The skill normalizes an arXiv abstract URL to the /src/ endpoint, downloads the tar.gz TeX source to a cache location, and unpacks it into a per-paper cache directory. It locates the LaTeX entrypoint (for example main.tex), reads that file and recursively loads included source files, and then synthesizes the paper content while relating findings to nanochat. Finally it writes a summary markdown file to ./knowledge with a unique tag-based filename.

When to use it

  • You need a structured, code-aware summary of an arXiv paper rather than just a PDF skim.
  • You want to extract implementation details, algorithms, or experimental protocols from LaTeX sources.
  • You plan to map research ideas directly to the nanochat codebase or implementation experiments.
  • You prefer reproducible caching of paper sources for offline review and auditing.
  • You want automated extraction of dependencies (figures, macros, bibliographies) from source.

Best practices

  • Always provide the canonical arXiv abstract URL (https://arxiv.org/abs/<id>); the skill will normalize to /src/ automatically.
  • Check the cache directory (~/.cache/nanochat/knowledge) for existing tar.gz to avoid re-downloading.
  • Verify the detected LaTeX entrypoint and scan for common alternate entry filenames (main.tex, paper.tex, ms.tex).
  • Keep the ./knowledge folder under version control so generated summaries are tracked and reviewed.
  • Use descriptive tags for summary filenames to avoid collisions and to make later search easier.

Example use cases

  • Summarize a new foundation-model architecture and list changes to try in nanochat's training pipeline.
  • Extract pseudocode and hyperparameters from a methods section for rapid reproduction experiments.
  • Identify useful data augmentation or loss functions to integrate with nanochat components.
  • Capture experimental setups and suggested ablations to design follow-up benchmark runs.
  • Collect related-work claims and citations to cross-link with existing project literature notes.

FAQ

What if the paper has supplementary PDFs or images not in TeX?

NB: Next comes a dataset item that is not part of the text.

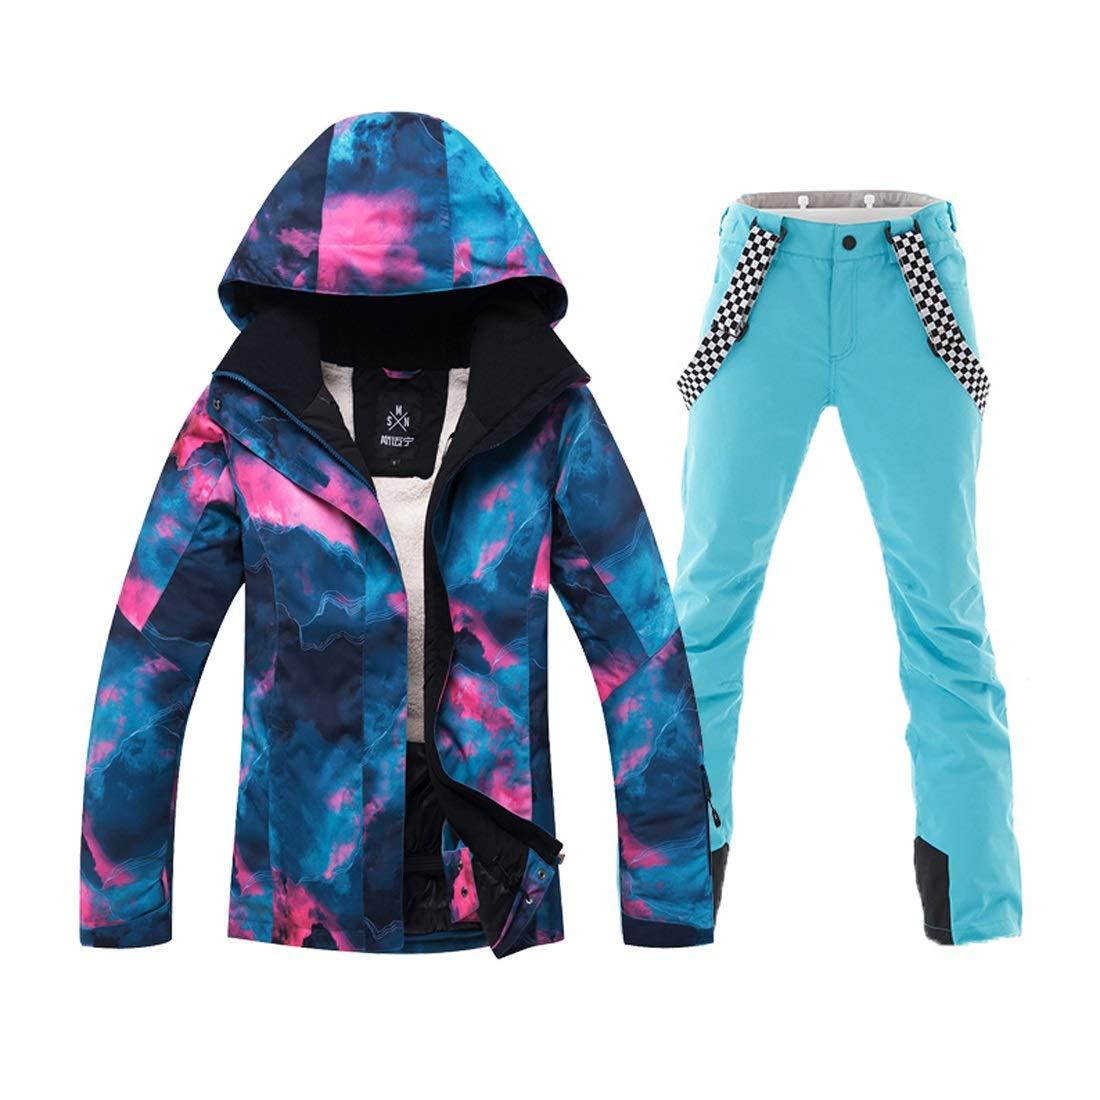 KingsleyW スノーバードアウトドアハイキングのための女性のマウントスキージャケットとパンツ防水防風スノースーツ (色 : 青, サイズ : M) 青 Medium

The skill will extract any included files packaged in the source tarball; if supplementary materials are external, note them in the summary and provide the external links for manual retrieval.

Will this overwrite existing summaries?

No. The skill chooses a tag-based filename and ensures it does not overwrite existing files; it will prompt to choose a different tag if a collision is detected.